Daily Maverick

How a blank page became a Chinese protest (non) symbol

- Toby Shapshak Toby Shapshak is editor-in-chief of Stuff.co.za and chief commercial officer of Scrolla.Africa.

Innovative ways to thwart artificial intelligen­ce (AI) censorship show human ingenuity still trumps machine learning. But for how long? The bravest protesters in the world this year are arguably the Iranian soccer team, who refused to sing their national anthem at the controvers­ial World Cup in Qatar.

Compared with the frankly pathetic climb-down by European soccer teams that balked at Fifa threats to yellow-card anyone wearing a rainbow-pride armband, it’s even more stark. These men face real consequenc­es when they get home – from a brutal regime that has been trying to suppress a months-long revolt by its citizens over the killing of a young woman for not wearing her headscarf correctly.

If those European players had any real courage, they would have all worn gay-pride armbands and called Fifa’s bluff. But that is another story. Elite soccer players aren’t known for doing anything that doesn’t enhance their massive pay cheques.

Meanwhile, another group of people have evolved a quite unique form of protest. Because of the enormous censorship operations conducted using algorithms on Chinese social media and messaging networks, protesters have found a novel way to express their rage at the brutal Covid-zero policies that have kept people barred inside their homes and apartment buildings, and other restrictiv­e measures.

To counter these AI forms of monitoring, angry protesters are holding up blank pieces of paper. To the AI systems trained to pick up words or phrases that are banned, these appear as, well, blank white pages. But to us humans who can read between the lines, as it were, it is a powerful symbol.

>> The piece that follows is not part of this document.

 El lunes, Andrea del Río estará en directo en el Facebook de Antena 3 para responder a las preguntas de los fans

China has been rocked by Covid lockdown protests in the past few weeks after a fire in Urumqi killed 10 people in a locked-down building that many people believe prevented victims from escaping and firefighte­rs from getting in.

Workers at Foxconn’s primary facility making top-end iPhone 14 models also fled the factory in Zhengzhou because of severe lockdown protocols and disputes over salaries. Turns out nobody likes having to do daily, or just regular, PCR tests to check for Covid.

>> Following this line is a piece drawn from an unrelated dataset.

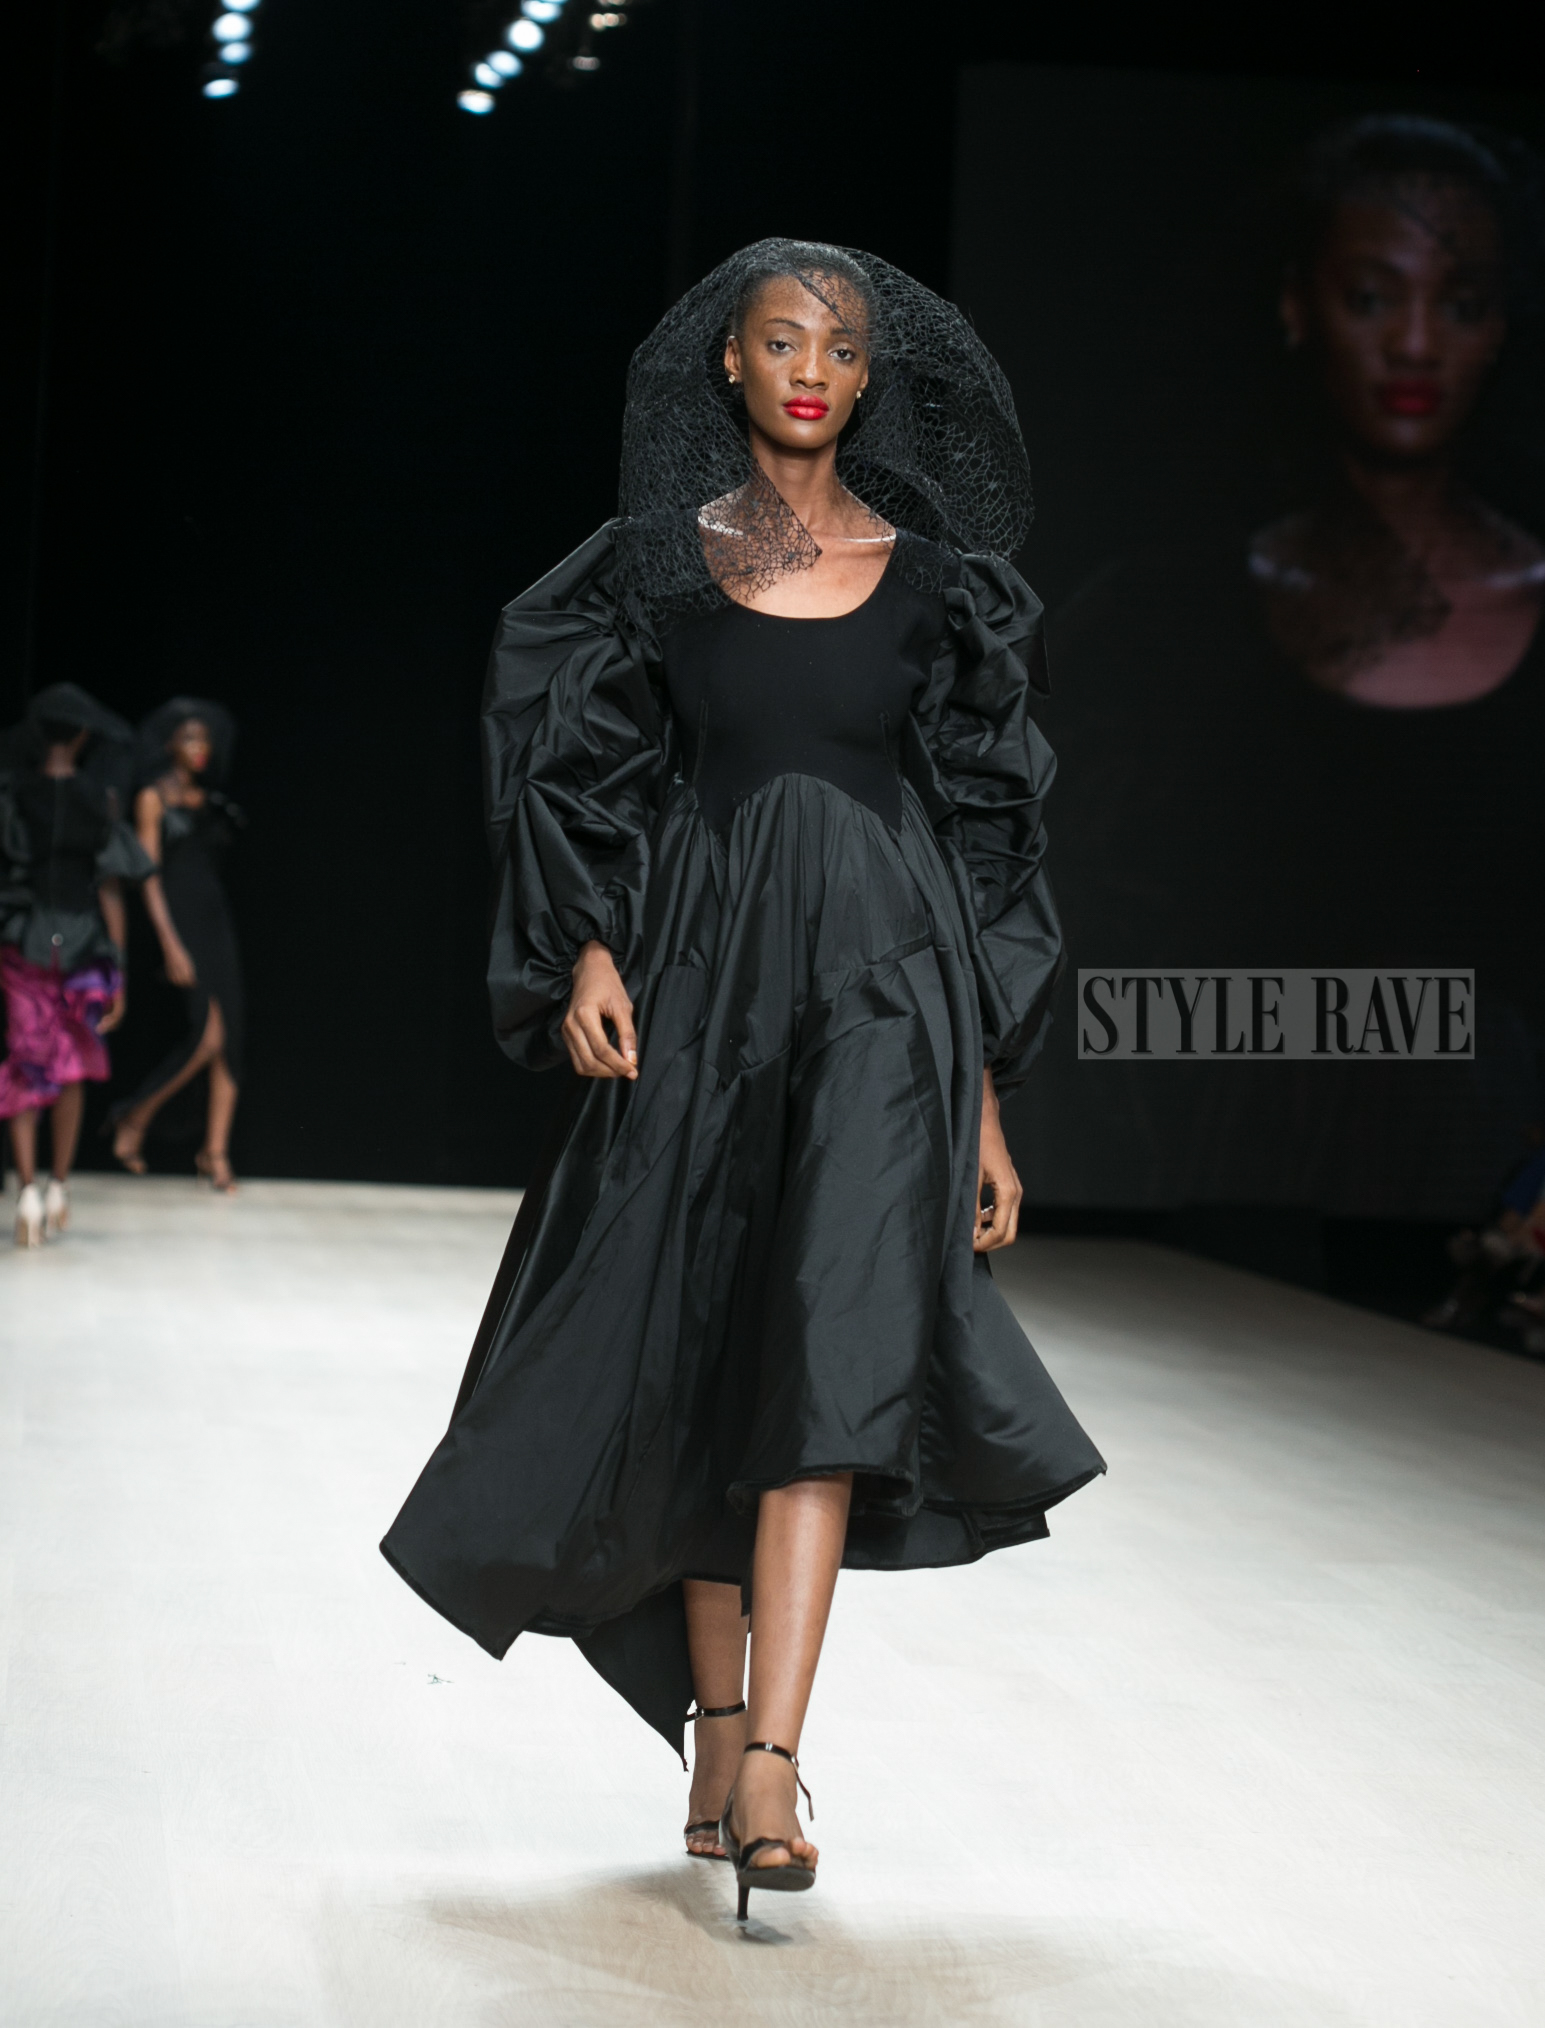 Arise Fashion Week: Lanre Da Silva Ajayi Brought Spring to Life

This wave of protest has been likened to the student uprisings in 1989 that culminated in the infamous Tiananmen Square crackdown.

“The mood on WeChat was like nothing I’ve ever experience­d before,” a British expat living in Beijing for more than 10 years told Wired. “There seemed to be a recklessne­ss and excitement in the air as people became bolder and bolder with every post, each new person testing the government’s – and their own – boundaries.”

Other censorship-busting techniques include disguising protest videos with effects filters or playing Western songs that have similar protest themes. One trick involves sarcastic singing of the Chinese Communist Party anthem, which has the word “good” in it.

This kind of smart skirting of the strict censorship rules shows that the human brain can still thwart the literal logic of AI and its algorithms.

In another clever protest, students from Tsinghua University protested with the Friedmann equation. As Hong Kong activist Nathan Law, now exiled in London, tweeted: “I have no idea what this equation means, but it does not matter. It’s the pronunciat­ion: it’s similar to … free man – a spectacula­r and creative way to express, with intelligen­ce.”

Right now it’s human creativity 1, AI literal logic 0.